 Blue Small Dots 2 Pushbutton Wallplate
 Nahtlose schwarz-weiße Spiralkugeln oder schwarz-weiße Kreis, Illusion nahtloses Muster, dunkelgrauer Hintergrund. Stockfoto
--
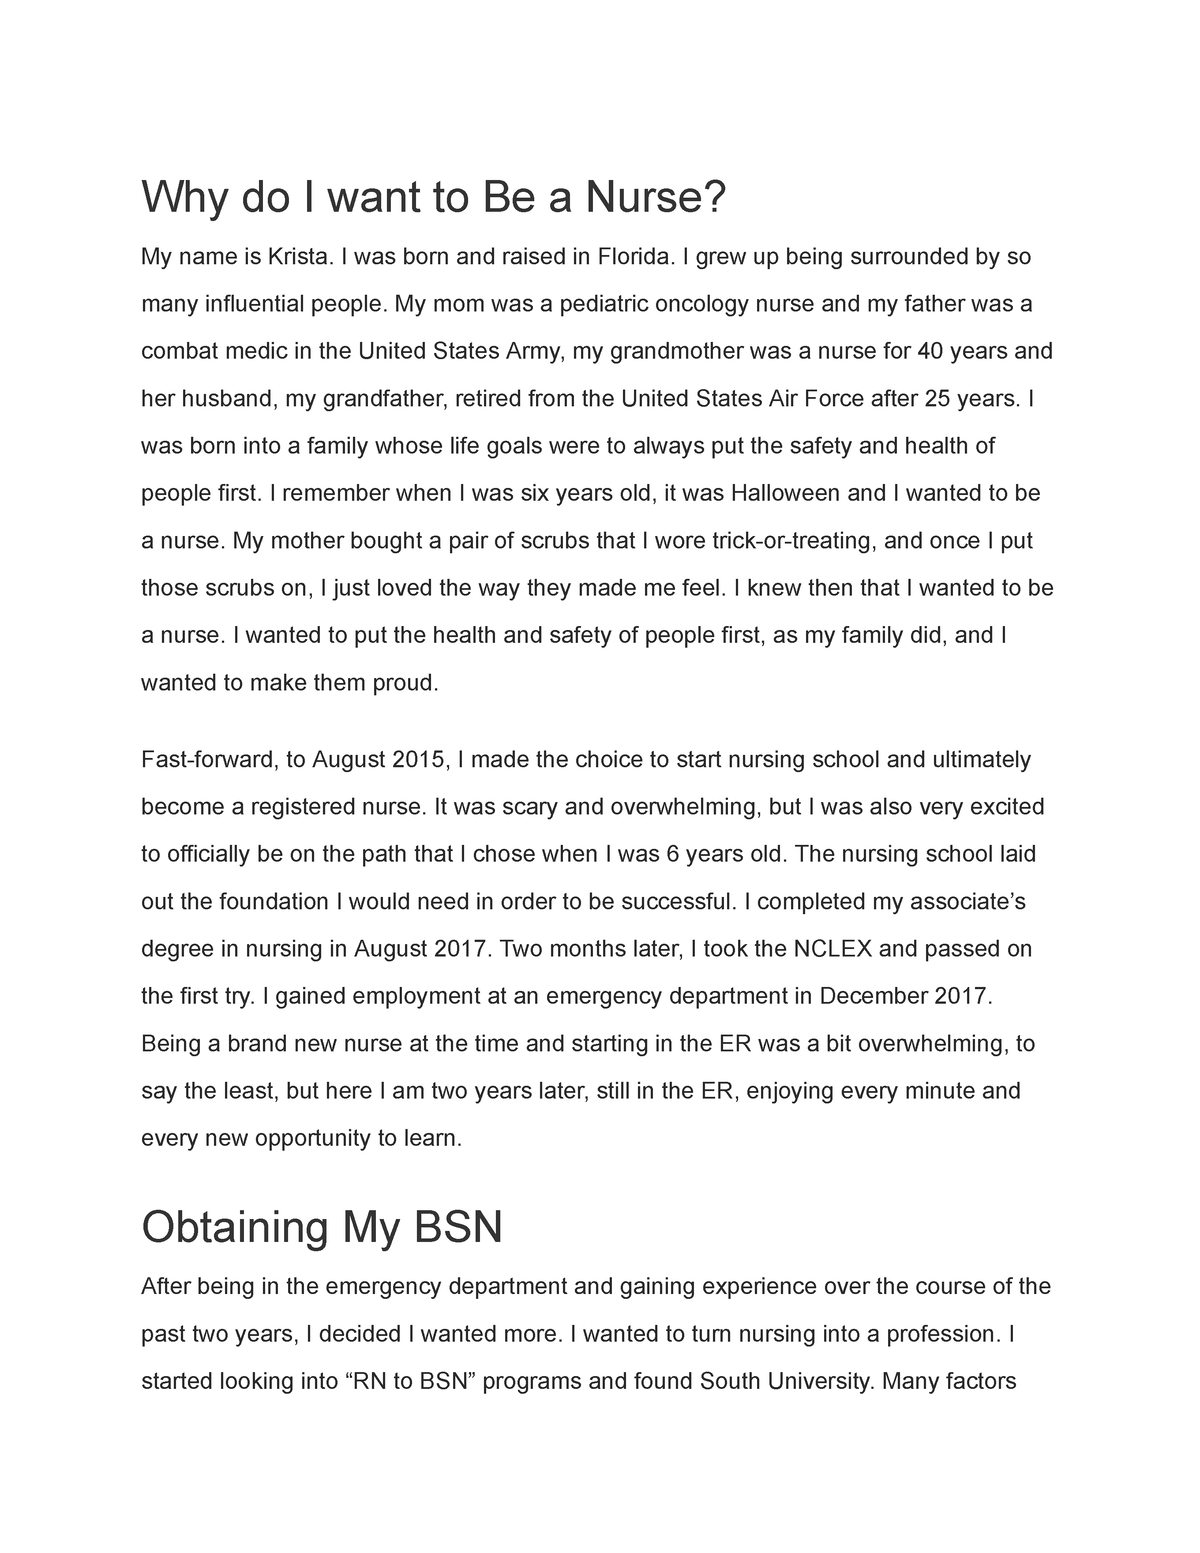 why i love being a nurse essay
---
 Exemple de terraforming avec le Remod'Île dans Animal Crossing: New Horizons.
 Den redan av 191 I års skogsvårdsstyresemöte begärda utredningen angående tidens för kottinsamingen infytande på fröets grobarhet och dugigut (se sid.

TASK DIRECTIONS:
Above are the records. Copy the lines beginning at the one that has "Blue Small Dots 2 Pushbutton Wallplate" and ending with the one that has "Nahtlose schwarz-weiße Spiralkugeln", unchanged.

PROBLEM SOLUTION:
 Blue Small Dots 2 Pushbutton Wallplate
 Nahtlose schwarz-weiße Spiralkugeln oder schwarz-weiße Kreis, Illusion nahtloses Muster, dunkelgrauer Hintergrund. Stockfoto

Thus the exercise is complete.